Marcia Joan Brown (July 13, 1918 – April 28, 2015) was an American writer and illustrator of more than 30 children's books. She has won three annual Caldecott Medals from the American Library Association, and three Caldecott Medal honors as an illustrator, recognizing the year's best U.S. picture book illustration, and the ALA's Laura Ingalls Wilder Medal in 1992 for her career contribution to children's literature. Many of her titles have been published in translation, including Afrikaans, German, Japanese, Spanish and Xhosa-Bantu editions. Brown is known as one of the most honored illustrators in children's literature.

Life
Brown was born on July 13, 1918 in Rochester, New York. She enrolled in the New York State College for Teachers, predecessor to the University at Albany. She taught at Cornwall High School in New York City. She left teaching to work in the New York Public Library's Central Children's Room. Her first book was The Little Carousel, a 32-page picture book that she both wrote and illustrated, published by Scribner's in 1946.

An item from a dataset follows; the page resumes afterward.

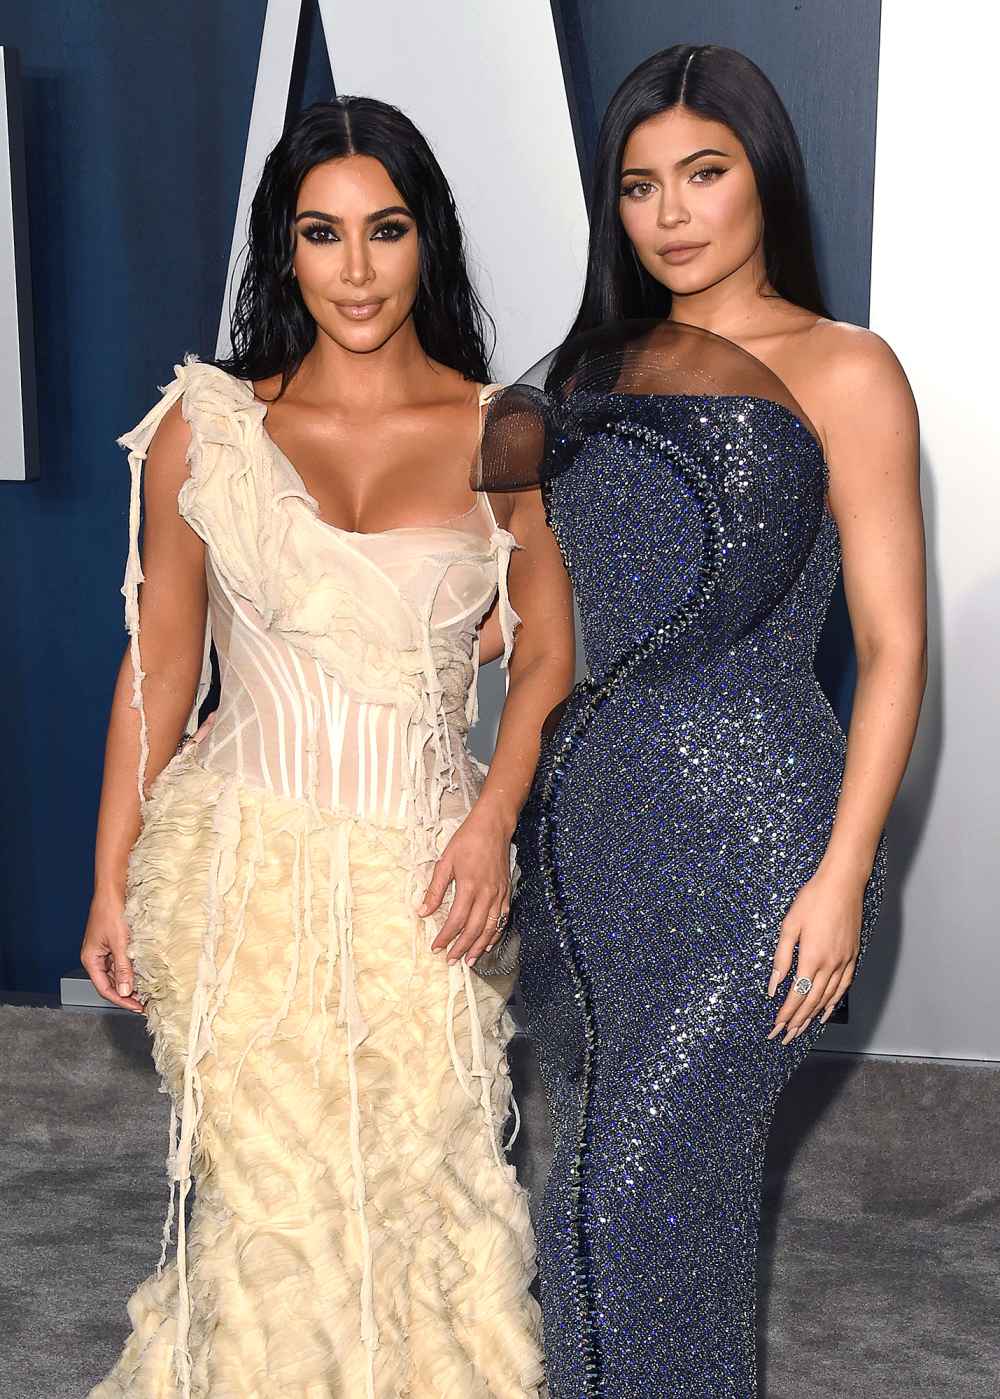 Kim Kardashian Gives Birth to Kylie Jenner in Leaked Kanye West and Tyga ‘Feel Me’ Video

Brown lived with her companion Janet Loranger who was also her editor. Brown died on April 28, 2015 in Laguna Hills, California.

Awards
For her contribution as a children's illustrator Brown was U.S. nominee in both 1966 and 1976 for the biennial, international Hans Christian Andersen Award, the highest international recognition available to creators of children's books. She received the 1977 Regina Medal from the Catholic Libraries Association for "continued, distinguished contribution to children's literature without regard to the nature of the contribution" and the 1992 Laura Ingalls Wilder Medal from the American Library Association for "substantial and lasting contributions to children's literature"; it was then conferred every three years.

She received the Distinguished Alumni Award from the SUNY Albany Alumni Association (1969), the Distinguished Service to Children's Literature Award from the University of Southern Mississippi(1972), The Regina Medal from the Catholic Library Association for service to children's literature (1977).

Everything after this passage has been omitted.